Личико Влахернского — кругленькое, с ровным длинным носом, с татарскими скулами и щеками, обрамленными немытыми прямыми мочалистыми лохмами, — то и дело принимало капризно-обиженное выражение: круглые маленькие алые губы скорбно-морщинисто поджимались, а круглый его, отдельным холмиком выступающий подбородок капризно скукоживался. И чем было этому насупившемуся, иногда ластящемуся, но иногда вдруг резко замыкающемуся в себе, и стоящему молча рядом, рядышком (только потому, кажется, что наедине с собой ему было тяжело) большому человечку помочь — так и оставалось загадкой. Ходил Влахернский всегда, в любую погоду в одном и том же темно-коричневом свитере с черным узором, надевая на него один и тот же не форменный, а черный какой-то, затертый до блеска пиджак (непонятно было, как Ленор Виссарионовна этот неформат терпит на своих уроках) — и ни то, ни другое, кажется, никогда не стирал и не чистил — поэтому слегка пах сушеным черносливом. Брюки Влахернский все же надевал школьные, синие — и были они не то что ему слегка коротки — а просто чересчур натягивались как-то на полных его ляжках — потом чуть сужались к коленям, и резко уменьшались к голеням — а дальше мелькали на узеньких щиколотках светлые какие-нибудь — всегда не в тон — зеленые или белые носки — и замученные (с глубоким вырезом и ветхими, наметившимися на обоих больших пальцах ног будущими дырками) полукеды, так что вся грузная стать выглядела так, как если бы Влахернский, глядя сверху, сам, со строгим соблюдением законов опрокинутой перспективы, ее и нарисовал — с визуальным уменьшением и истончанием по мере удаления, вниз, прочь от взгляда. При ходьбе Влахернский, явно нарочно, чуть сутулился и как-то внутрь сгибал большие свои плечи — и нарочито очень сильно косолапо ставил большие свои ступни в полукедах — явно чтоб ни в коем случае никто не подумал, что Влахернский хочет кому-нибудь понравиться.
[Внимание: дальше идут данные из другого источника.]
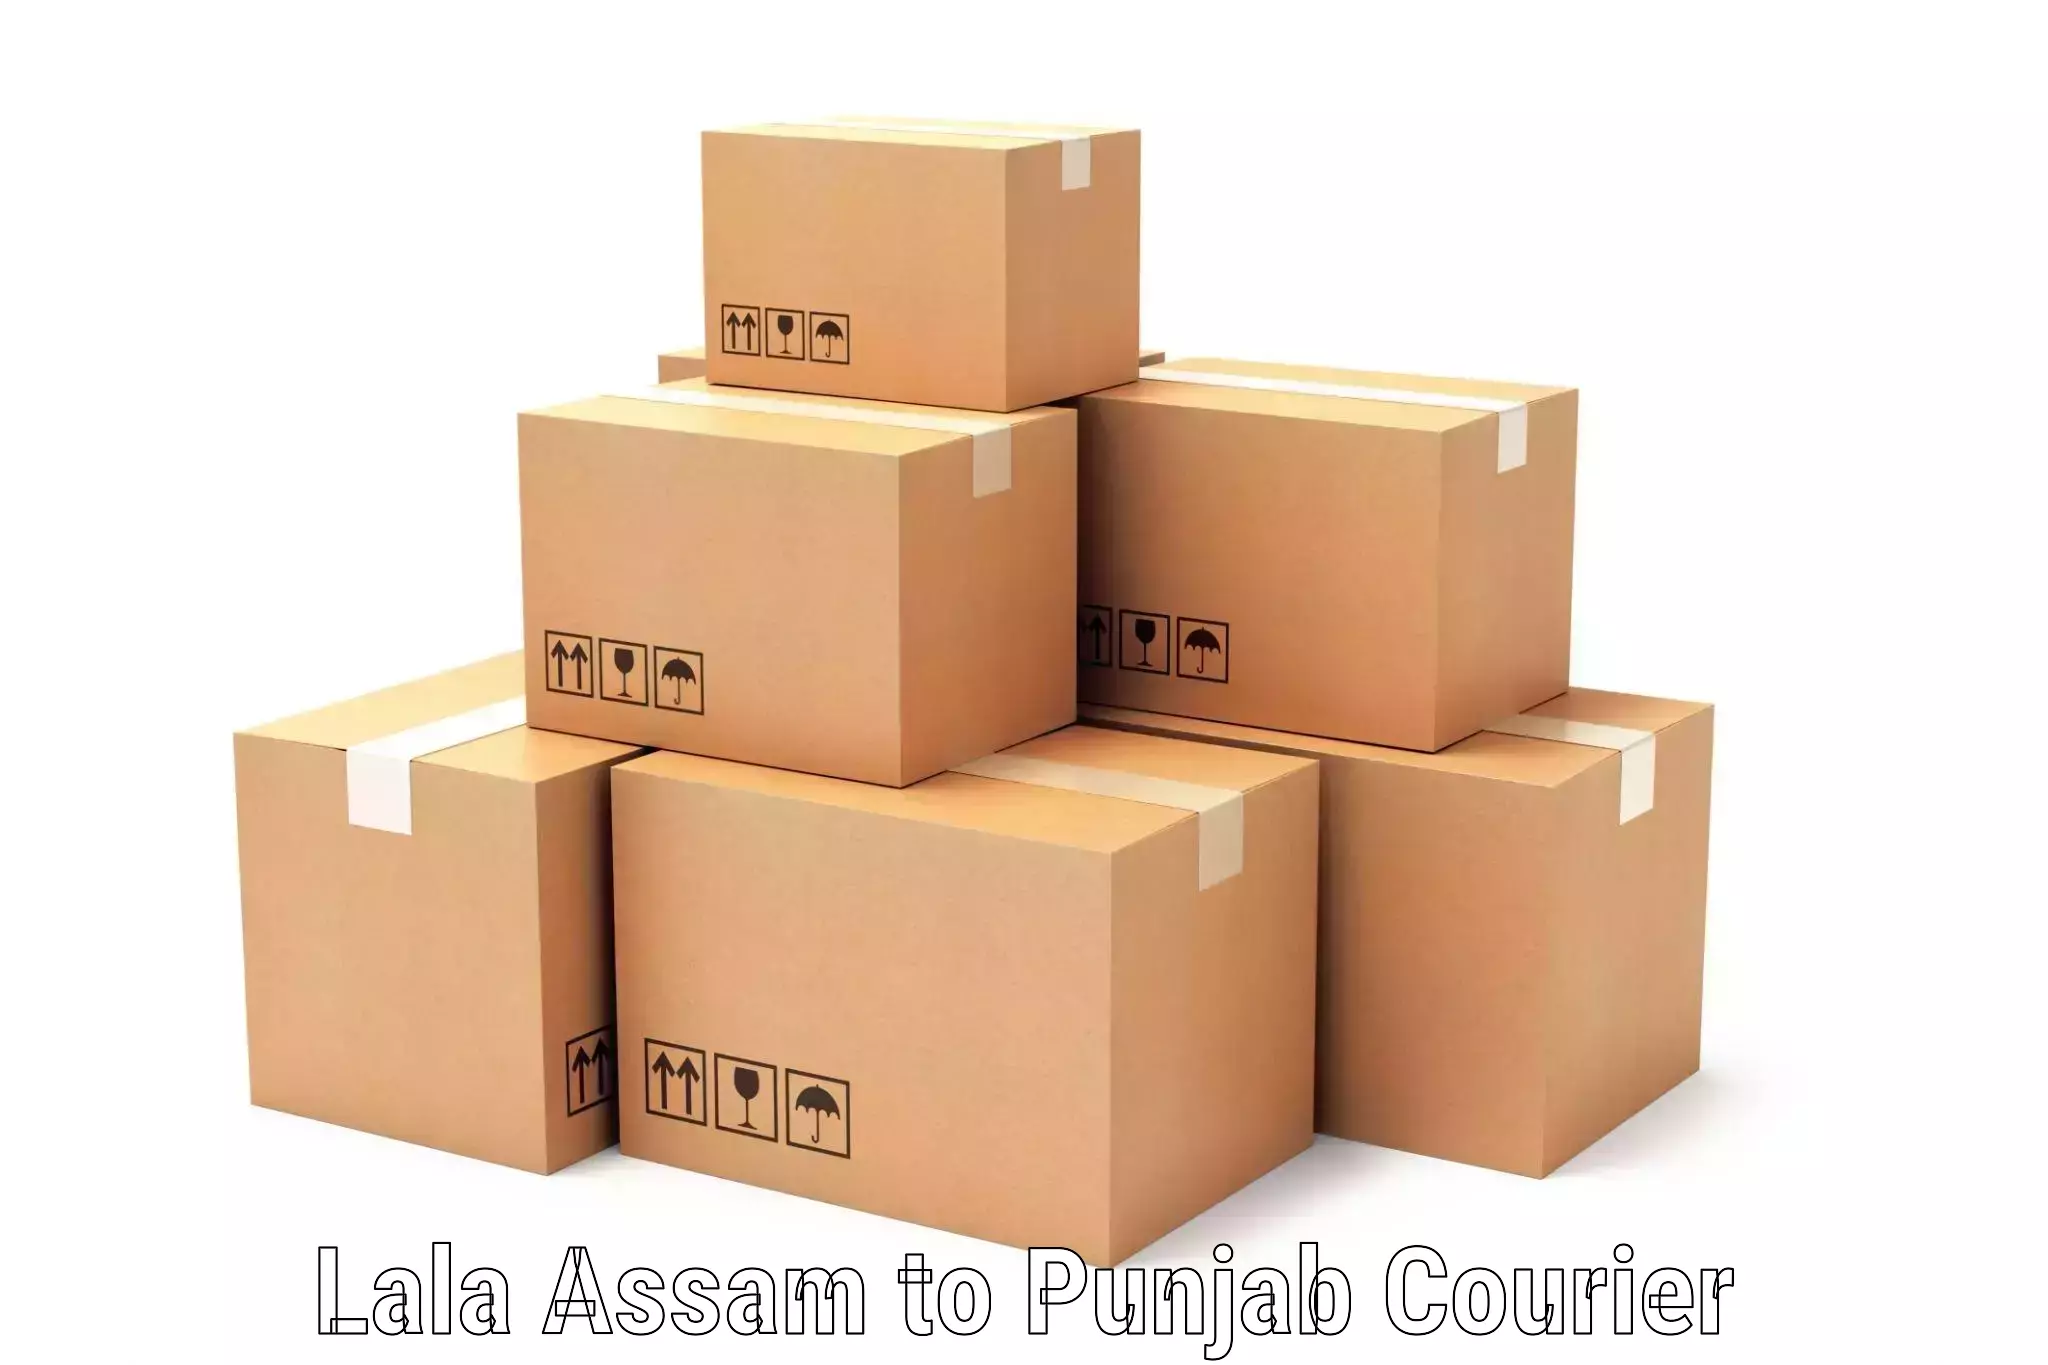 Customer-centric shipping Lala Assam to Phagwara
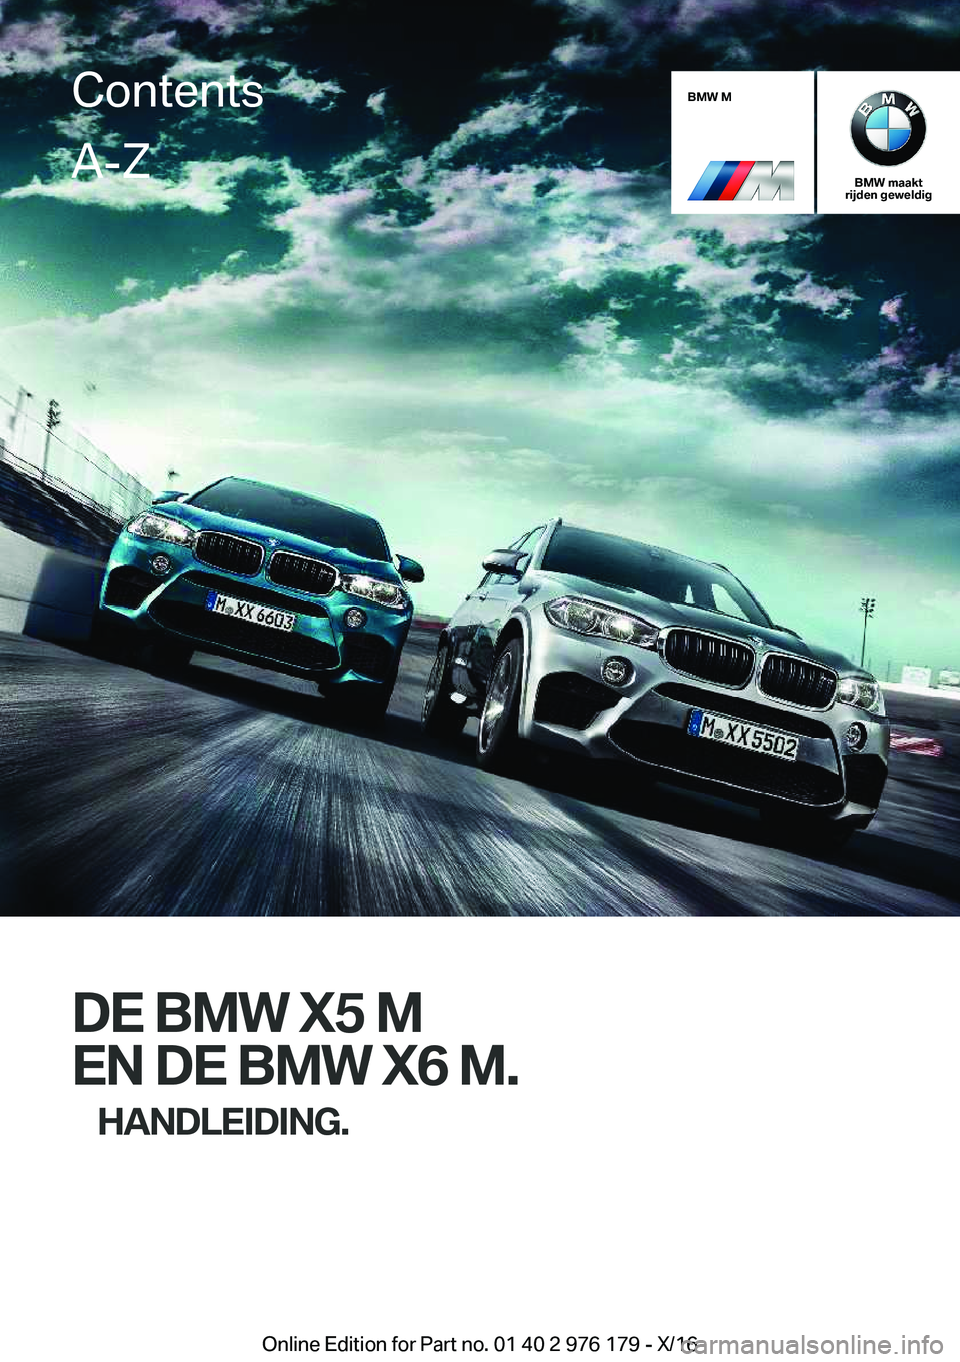 BMW X5 M 2017  Instructieboekjes (in Dutch) �B�M�W��M
�B�M�W��m�a�a�k�t
�r�i�j�d�e�n��g�e�w�e�l�d�i�g
�D�E��B�M�W��X�5��M
�E�N��D�E��B�M�W��X�6��M�. �H�A�N�D�L�E�I�D�I�N�G�.
�C�o�n�t�e�n�t�s�A�-�Z
�O�n�l�i�n�e� �E�d�i�t�i�o�n� �f�o�r�

Так же как и Елена, Влахернский, по благословению батюшки Антония, держал Рождественский пост. И из всех друзей только ему да еще Татьяне Евгеньевне Елена рассказала о том, что сразу же, как только начала поститься, поняла вдруг, что никогда больше не сможет есть мяса, никакой убитой плоти: разом вдруг ощутила как-то весь нахлынувший ужас падшего мира — с бойнями, с издевательствами над животными, с серийно уничтожаемыми коровами с красивыми грустными глазами и мокрым носом, с ежедневным Освенцимом, который падшие людоедо-человеки устраивают животным.
— Вы знаете, Лена, я тоже об этом много думаю… — призналась грустно Татьяна. — Мне рассказывали даже, что коровы, которых люди считают глупыми, так вот коровы, по удивительной необъяснимой интуиции, как мне рассказали, отказываются за два дня до бойни от всякой еды…
Анастасию же Савельевну решение Елены стать вегетарианкой бесило почему-то больше всего: дня не проходила, чтобы Анастасия Савельевна с деланно-идиотским видом не переспросила: «А что, вот даже, например, элементарного куриного бульончика ты тоже не хочешь?» — хотя никакой курицей в пустых магазинах и не пахло уже несколько месяцев.
А за два дня до нового года Анастасия Савельевна, все еще лелея мечту, что дочка сломается и откажется и от церковной «блажи» поста, и от вегетарианства, одним махом, — елейным голоском попросила Елену съездить в восславленный соседской молвой только что открывшийся, безумно дорогой кооператив на улице Свободы, неподалеку от Дьюрькиного дома — купить два батона колбасы — салями и сервелат — для новогодней вечеринки, на которую Анастасия Савельевна назвала, как обычно, штук тридцать своих студенток и студентов (так что ясно было заранее, что каждому достанется не больше чем по кружку колбасы на нос — но хотя бы запахом колбасы Анастасия Савельевна изголодавшихся девчонок и мальчишек хотела, растратившись, побаловать).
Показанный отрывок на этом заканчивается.